Sometimes I look at what’s going on in publishing as if someone was whispering the Springsteen lyric in management’s ear:

Those romantic young boys, they’re callin’ through the window
Hey, Spanish Johnny, you want to make a little easy money tonight?

The easy money comes from native advertising, particularly the kind that’s plug and play. Just as in the song, however, there isn’t any easy money that comes without strings attached and some research from Penn State found out just what those strings entail.

The research team found that when content was identified as native advertising, readers held a lower opinion of the media outlet it was published in. However, the reputation of the company being promoted was not affected…“We all have the idea that the news media should be objective and neutral…that’s how it works,” Wu said. “But people may see the media and companies working together to deceive us…so they change their perception toward the media more dramatically. On the other hand, people see that the company is just doing what it’s supposed to, promoting itself.”

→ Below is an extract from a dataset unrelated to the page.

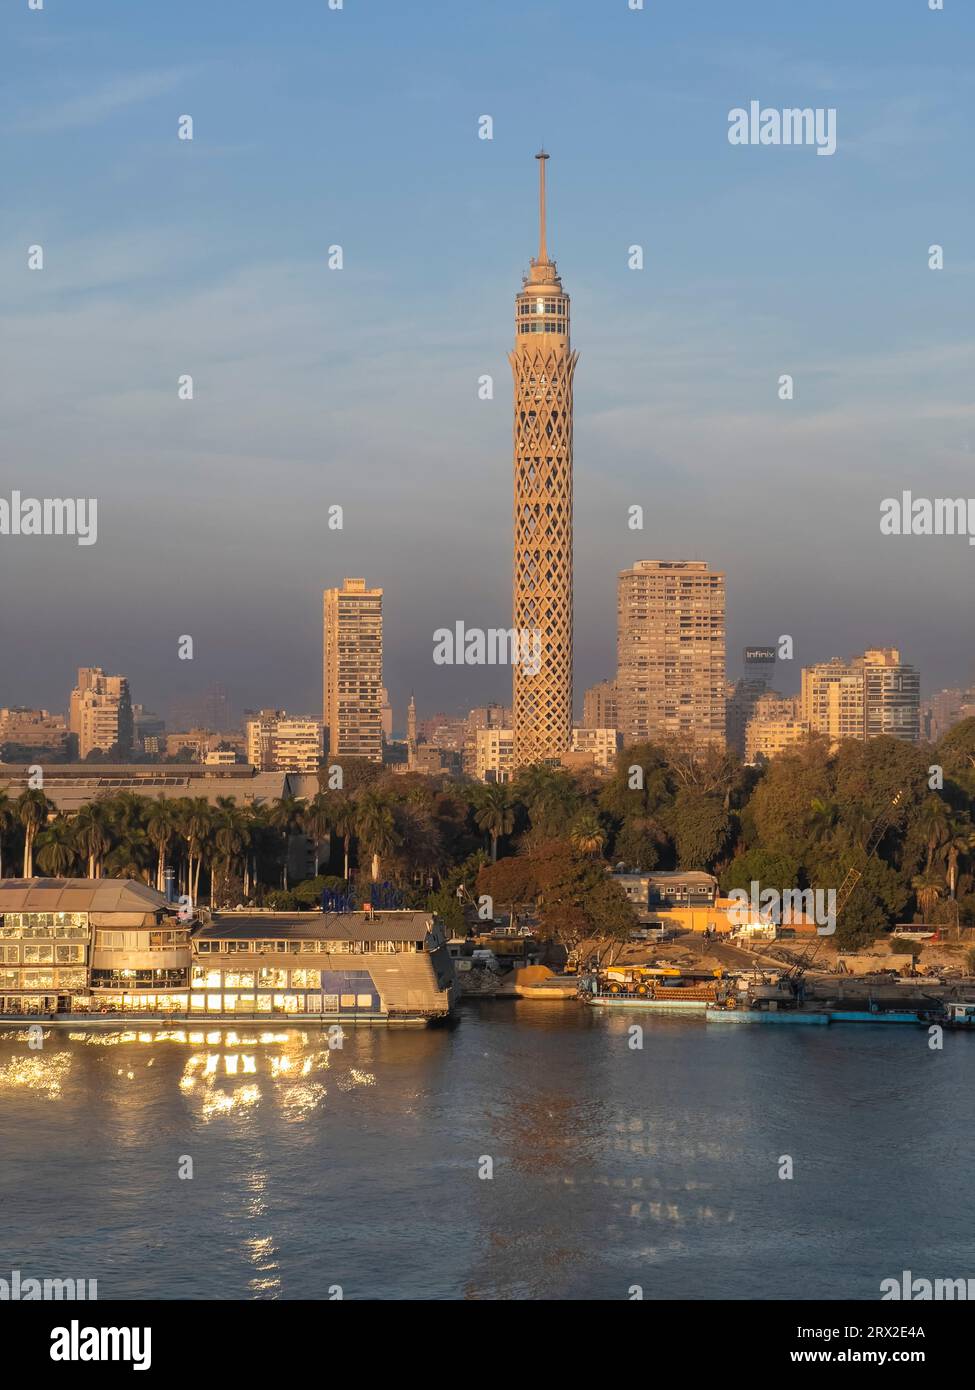 Der Kairo-Turm, das höchste Gebäude in Ägypten und Nordafrika, ragt 187 Meter hoch, der Nil, Kairo, Ägypten, Nordafrika, Afrika Stockfoto

The speaker in the quote above is the PhD student who conducted the study. While I certainly understand the importance of revenue generation in an increasingly competitive and difficult marketplace, I also understand the value of a publisher’s reputation. That reputation, like all of ours, takes a long time to establish but can be shattered rather quickly. The loss of trust is fatal for any brand and particularly so for an information service.

Maybe it’s called “native content” or maybe it’s actually identified as “sponsored content” or a “promoted post.”  Either way, it’s generally not immediately identifiable as being from a source different from the main news or information the publisher puts out.  I think most of us dislike being enticed to read something under false pretenses, and part of the decision to invest time in reading involves the quality of the content which is predicated on the source.  When we’re deceived, we’re unhappy, and when we’re unhappy, we don’t return.

Publishers need to beware.  There is no easy money to be made unless you’re in it for the short term and are reputation-agnostic.  Are you?